И вот в чём уверенность моя: сон вещий, пророчество его угадываю в том, что сбудется мечта кладоискателя – и рано или поздно отыщу я мифическую страну Биармию, – я уж и к богу их, биармаландцев, за позволением обратился, но молчит пока Йомали, не подаёт мне знак, видно, кару ещё за кощунство моё не обдумал, – затем покончу с археологией, как с полевой, так и с кабинетной, – таков мой залог для Йомали – от всех забот житейских отстранюсь, куплю саксофон и стану к душе его золотой или серебряной подъезжать, обольщу, обласкаю, обманом возьму, но умысел исполню, а уж, душой овладев, и приневолю – заставлю её пропеть мелодию, похожую на ту кошку, которая явилась ко мне во сне. Как я и говорил, масти эта кошка чёрной, ость с искрой, а цвет её глаз… но это уже смешно…»
И там, во дворе-колодце, шум фабрики заслонив, кто-то гулко захохотал.

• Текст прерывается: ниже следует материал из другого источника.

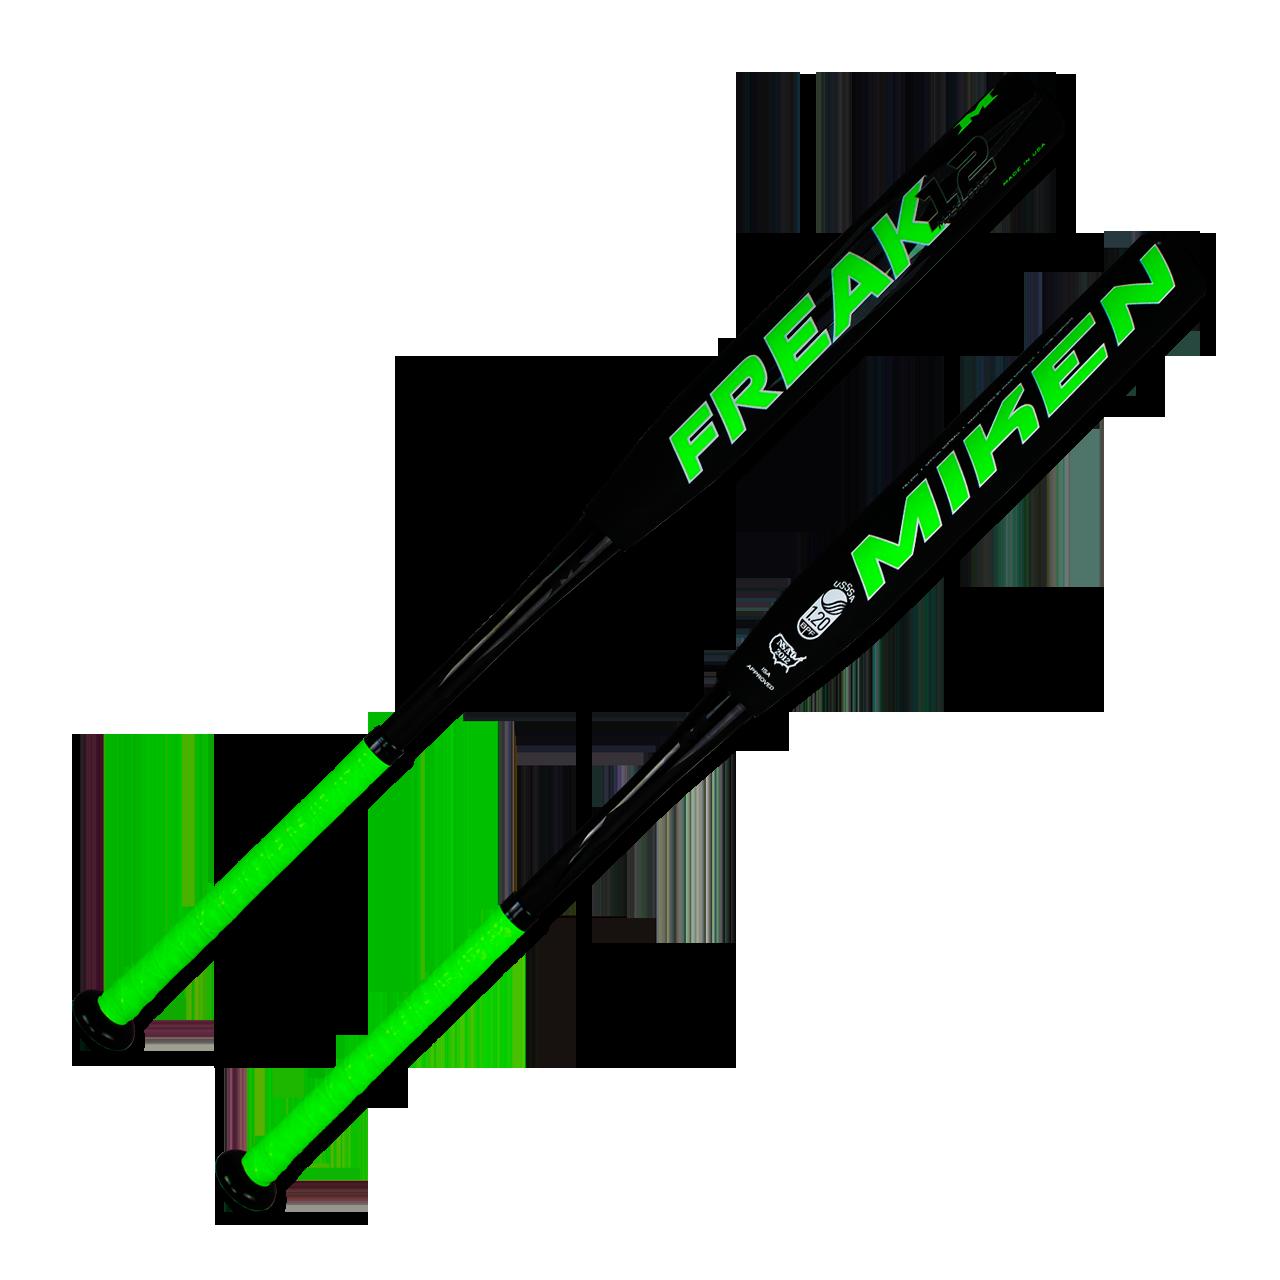 miken-freak-maxload-12-slow-pitch-softball-bat-34-inch-28-oz-fp12mu FB12MU-3-34-inch-28-oz Miken 658925031892 Triple Matrix increases the exclusive aerospace grade material volume by 5%

«Этим, пожалуй, и закончу, – подумал Иван. – Но это уже сюда…» – другую взял тетрадь, открыл её и записал:
«Во дворе засмеялись. Смех знакомый – встречай гостей. Крикнут: “Валя!” – значит, ко мне. Пятый этаж – кому не лень без лифта тащиться впустую: войдут во двор, пролают – ночь-полночь – махну им рукой в окно, тогда уж и поднимутся. А “Валя” – это для жильцов, чтобы, разбуженные, проклинали не меня, Ваню, а какую-то там Валю. Дом наш конспиративный, с табличкой мраморной, с гвоздиками на ней, тут по традиции…»
Однако:
– Ва-ля!
I
Иван взял свитер, сказал:
– Пока, – вышел из комнаты, затем – из квартиры, ни той, ни другой дверью не хлопнув, спустился, залез рукой в почтовый ящик и вынул оттуда письмо.
«Город Ленинград, Набережная речки Карповки, номер дома 25, квартира номер 25, Несмелову Ивану Орестовичу, студенту».
Отец всегда так подробно, без сокращений, расписывает адрес, но только в клеточках, что на конверте, с неизменным постоянством вырисовывает усердно индекс Каменска-Кемского – обратной почты. Но – доходят. Пишет отец редко, раз в полгода, и письмами его, как правило, Иван обязан невесёлым каменским событиям. Всё весёлое и смешное, как считает отец, заслуживает устного, застольного пересказа. Письмо же, по его понятиям – документ, дело серьёзное. На конверте двумя стрелочками отец указывает предел: где и сколько отрывать, чтобы не повредить послание. Исписанный лист бумаги отец старательно складывает, ребром ладони разглаживает сгиб, всовывает в конверт, постучав о стол, смещает к краю, противоположному марке и адресу, и там фиксирует его капелькой канцелярского клея, после этого запечатывает, ещё раз проверяет, подставляя к свету лампочки или к окну, и, уж уверившись, наводит стрелочки. Так делал он, по крайней мере, раньше, когда писал письма своим сёстрам, а изменять привычкам не в его правилах. Ну и уж, что тут говорить, только по стрелочкам Иван конверт и разрывает.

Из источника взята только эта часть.